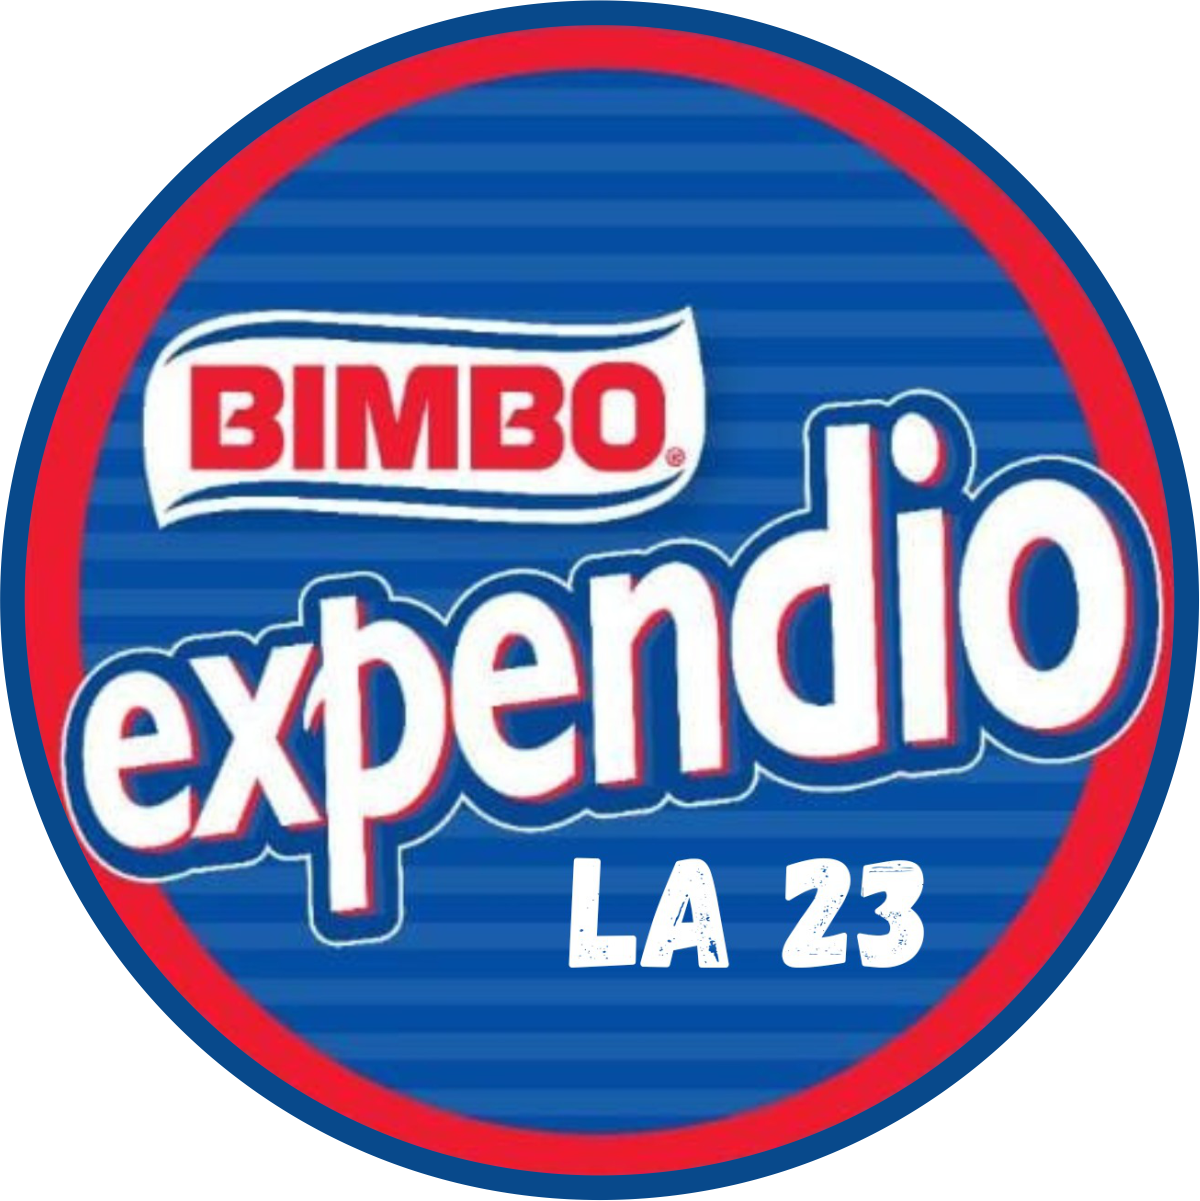 Bimbo Expendio La 23
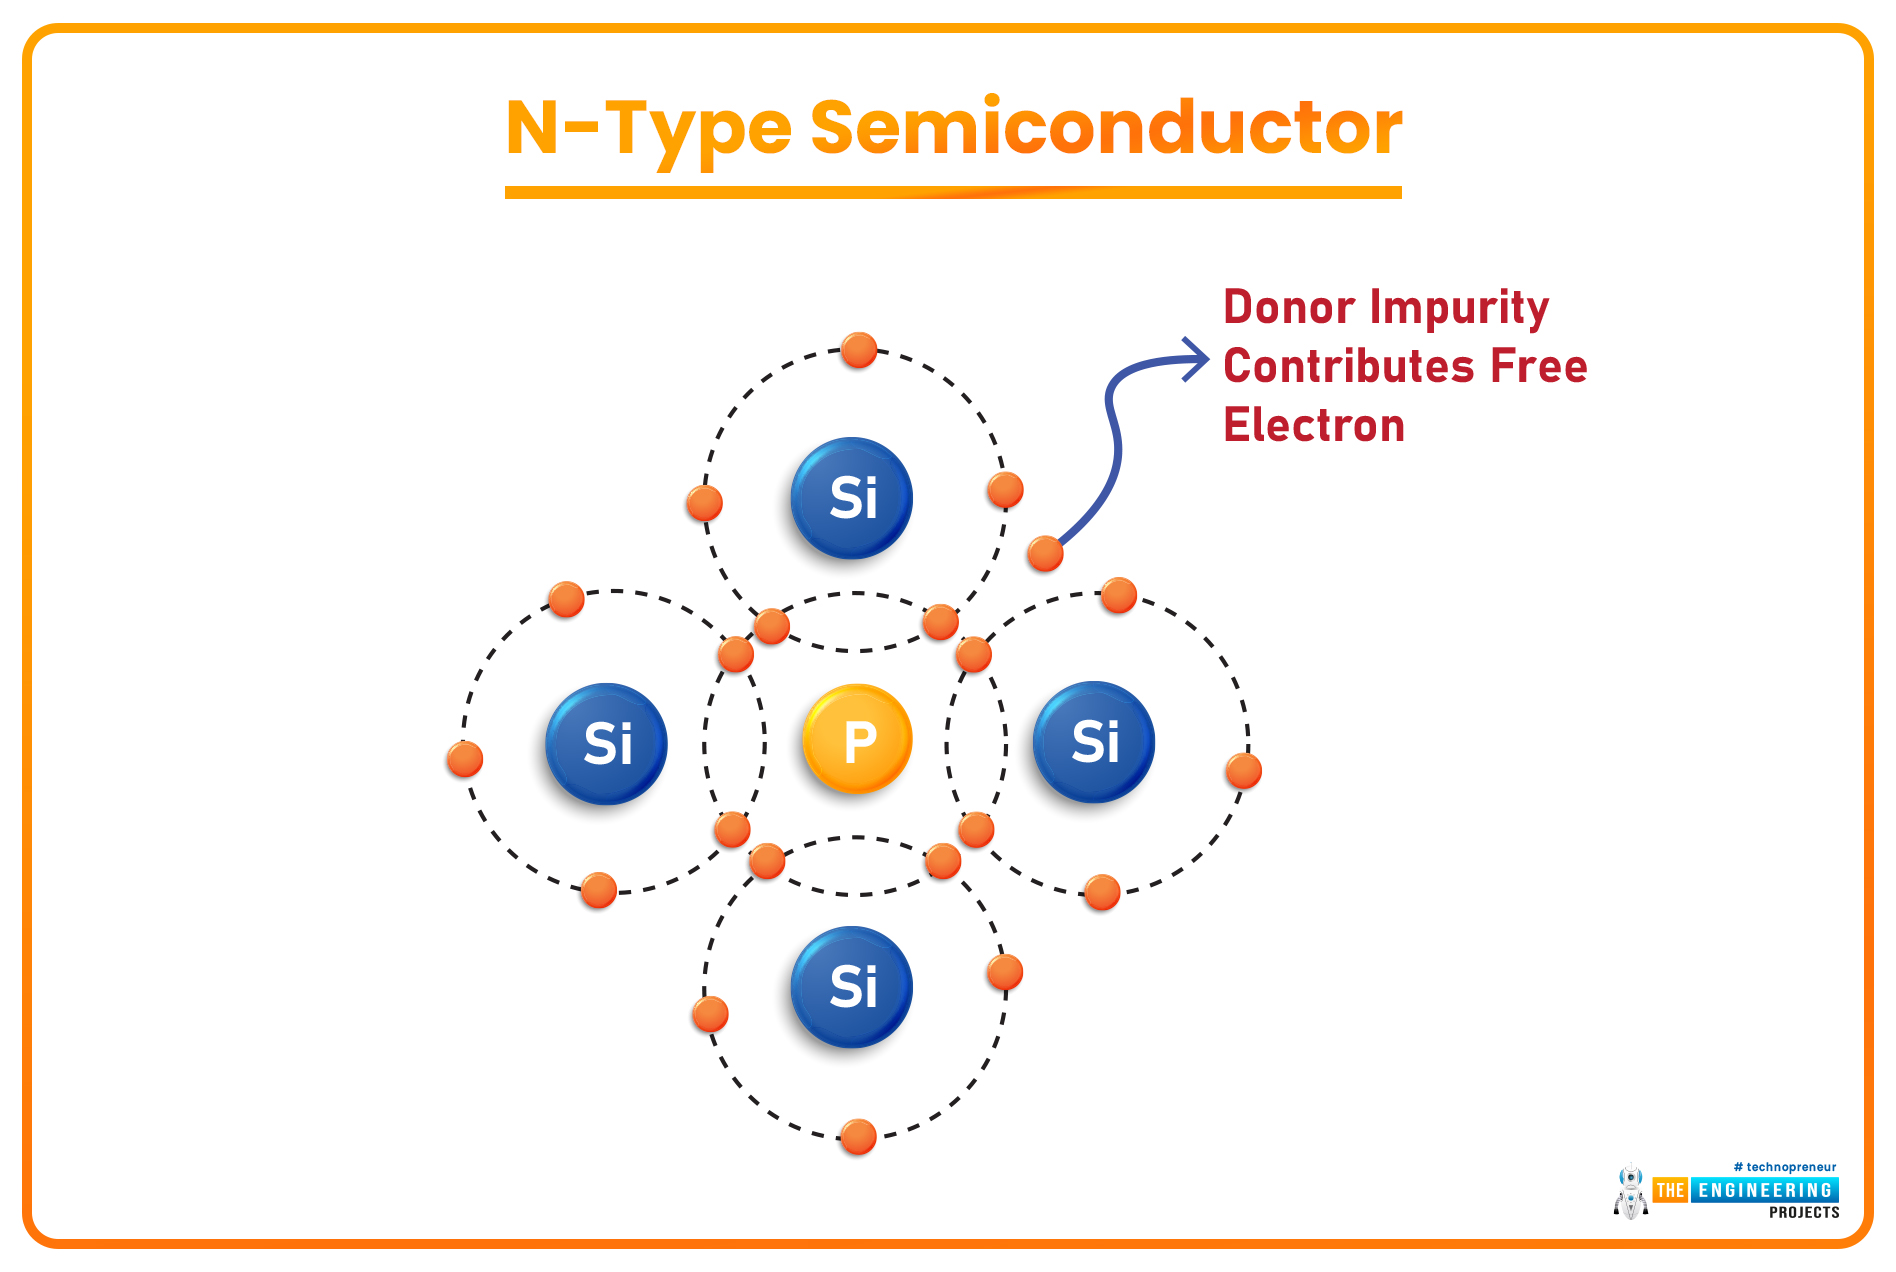 Extrinsic Semiconductor, Extrinsic Semiconductor model, n type semiconductor, p type semiconductor, intrinsic semiconductor
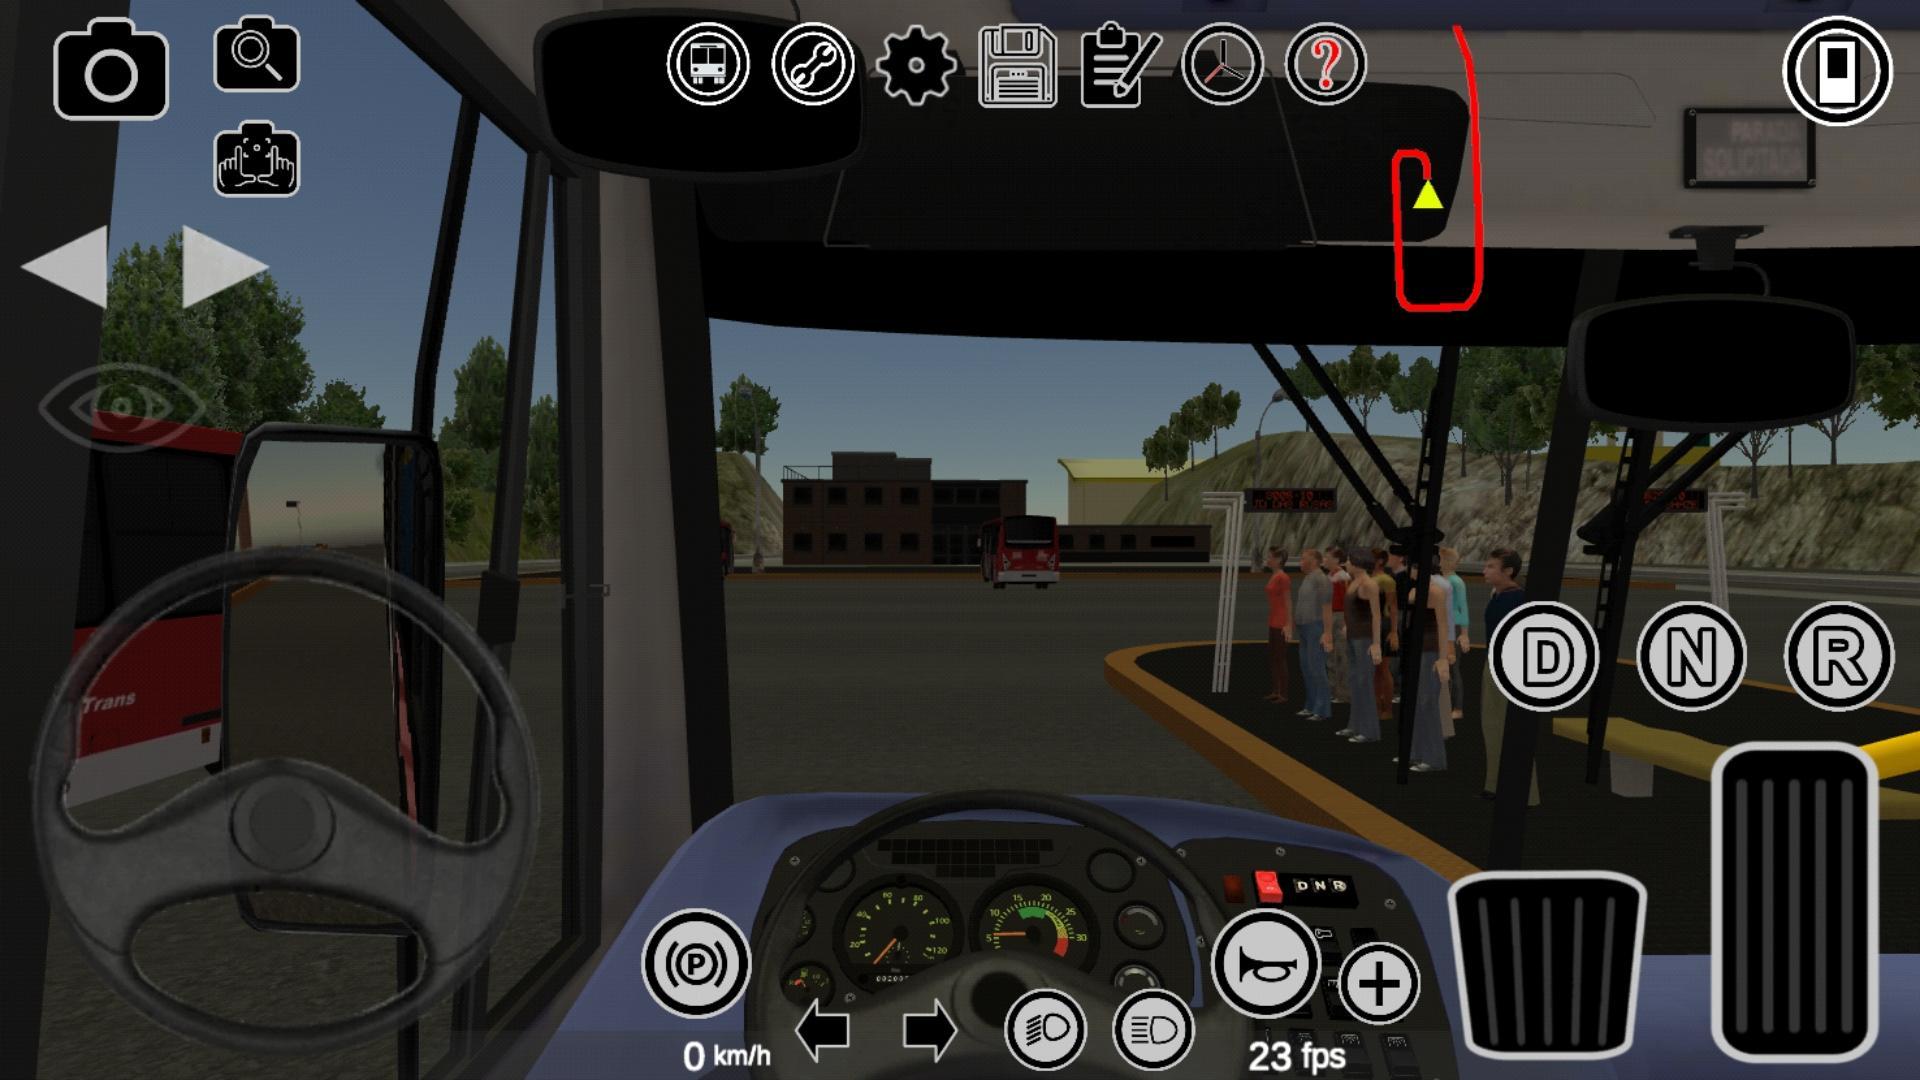 Игра протон автобус симулятор
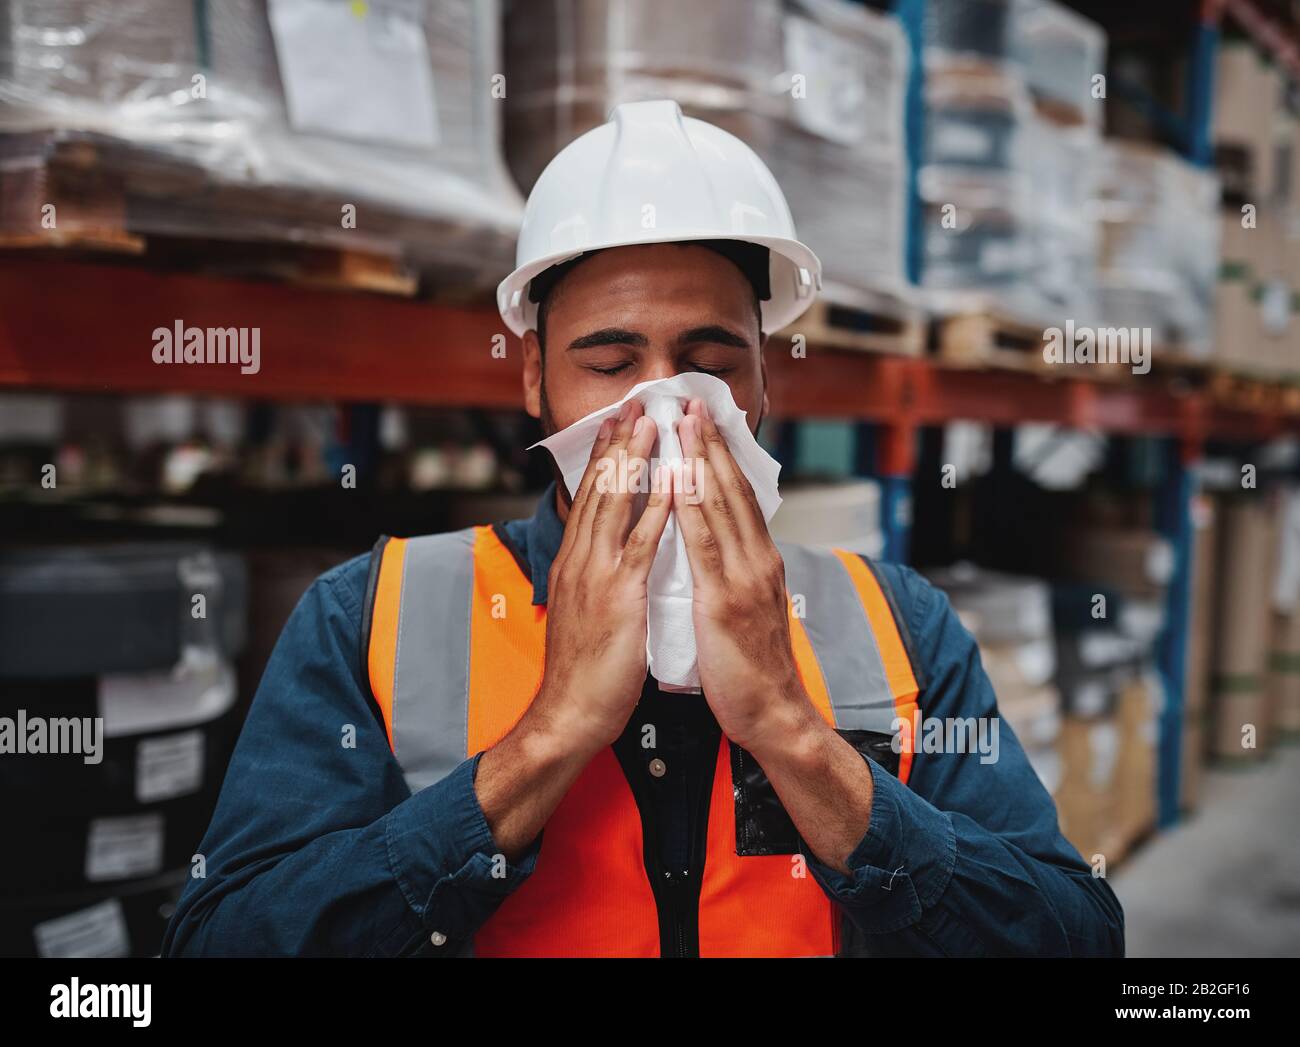 Joven gerente africano tosiendo y sintiéndose enfermo mientras cubría la boca con pañuelo en el almacén Foto de stock

• What you should do:
Retype all the data exactly, please, without pictures.

• Completed task:
 Bimbo Expendio La 23
 Extrinsic Semiconductor, Extrinsic Semiconductor model, n type semiconductor, p type semiconductor, intrinsic semiconductor
 Игра протон автобус симулятор
 Joven gerente africano tosiendo y sintiéndose enfermo mientras cubría la boca con pañuelo en el almacén Foto de stock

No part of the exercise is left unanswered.